MSSTNet: A Multi-Scale Spatio-Temporal CNN-Transformer Network for Dynamic Facial Expression Recognition

Linhuang Wang,Xin Kang,Fei Ding,Satoshi Nakagawa,Fuji Ren
DOI: https://doi.org/10.1109/ICASSP48485.2024.10446699
2024-04-12
Abstract:Unlike typical video action recognition, Dynamic Facial Expression Recognition (DFER) does not involve distinct moving targets but relies on localized changes in facial muscles. Addressing this distinctive attribute, we propose a Multi-Scale Spatio-temporal CNN-Transformer network (MSSTNet). Our approach takes spatial features of different scales extracted by CNN and feeds them into a Multi-scale Embedding Layer (MELayer). The MELayer extracts multi-scale spatial information and encodes these features before sending them into a Temporal Transformer (T-Former). The T-Former simultaneously extracts temporal information while continually integrating multi-scale spatial information. This process culminates in the generation of multi-scale spatio-temporal features that are utilized for the final classification. Our method achieves state-of-the-art results on two in-the-wild datasets. Furthermore, a series of ablation experiments and visualizations provide further validation of our approach's proficiency in leveraging spatio-temporal information within DFER.
Computer Vision and Pattern Recognition
What problem does this paper attempt to address?

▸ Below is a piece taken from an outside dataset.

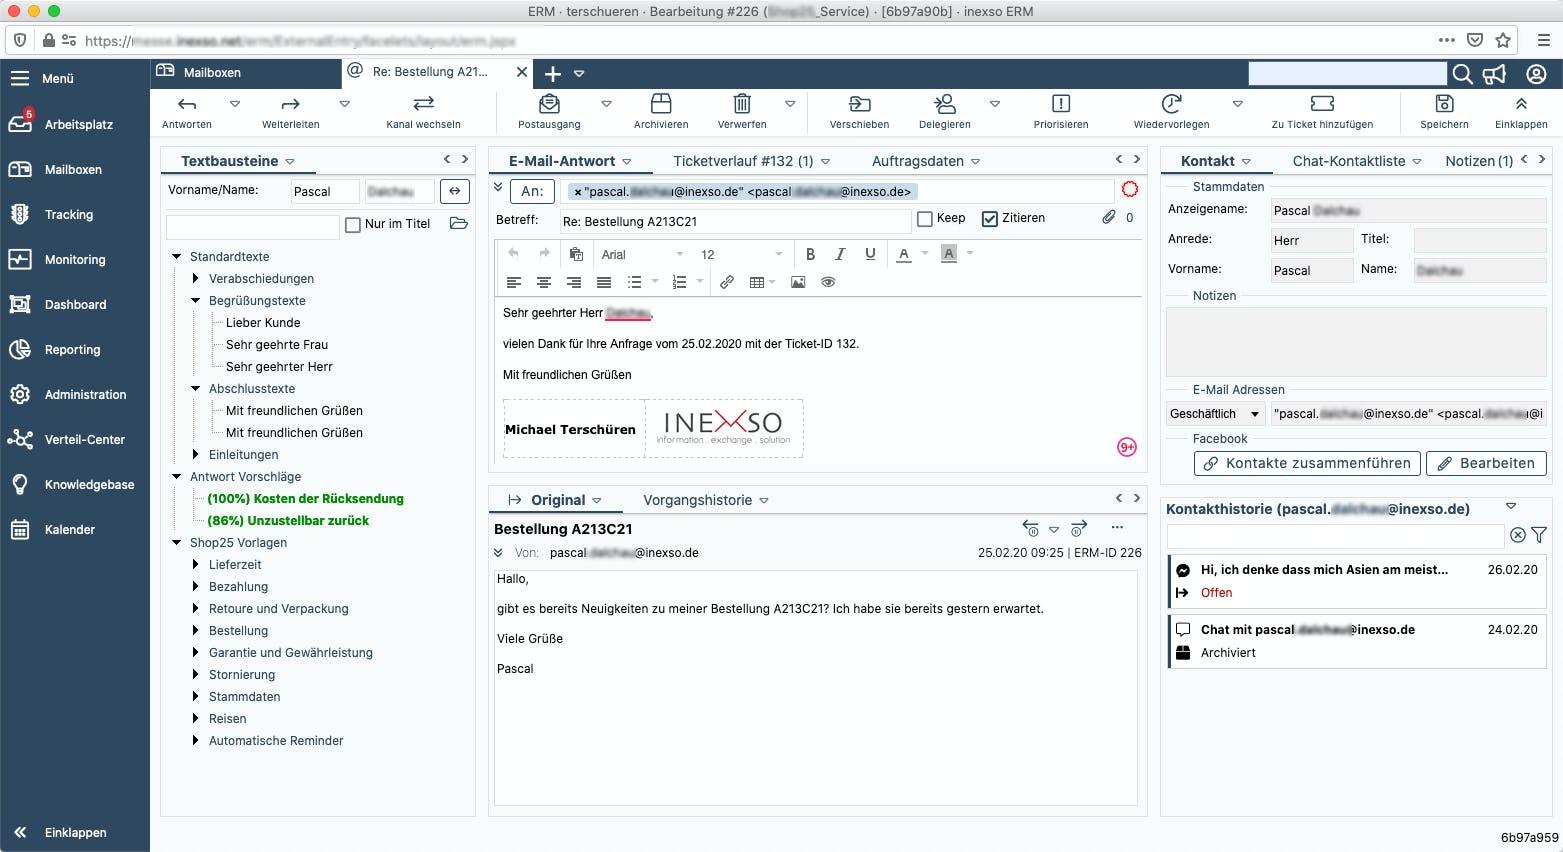 INEXSO ERM Logiciel - 1

The paper attempts to address the challenges in Dynamic Facial Expression Recognition (DFER), particularly how to effectively capture and utilize subtle temporal changes in facial muscles. Unlike typical video action recognition, DFER does not involve obvious moving targets but relies on local changes in facial muscles. To tackle this characteristic, the authors propose a Multi-Scale Spatio-Temporal Convolution-Transformer Network (MSST-Net), aiming to improve the accuracy of dynamic facial expression recognition through the fusion of multi-scale spatial and temporal features. Specifically, the main contributions of the paper include: 1. **Multi-Scale Embedding Layer (MELayer)**: This layer can extract spatial features at different scales and encode these features before feeding them into the Temporal Transformer (T-Former). 2. **Temporal Transformer (T-Former)**: This module continuously integrates multi-scale spatial information while extracting temporal information, ultimately generating multi-scale spatio-temporal features. 3. **Experimental Validation**: Experiments conducted on two commonly used real-world datasets (DFEW and FERV39k) demonstrate the effectiveness of the proposed method. The experimental results show that MSST-Net achieves state-of-the-art performance on these datasets. In summary, the paper proposes a novel approach to handle spatio-temporal features in dynamic facial expression recognition, significantly improving recognition accuracy through the fusion of multi-scale spatial and temporal information.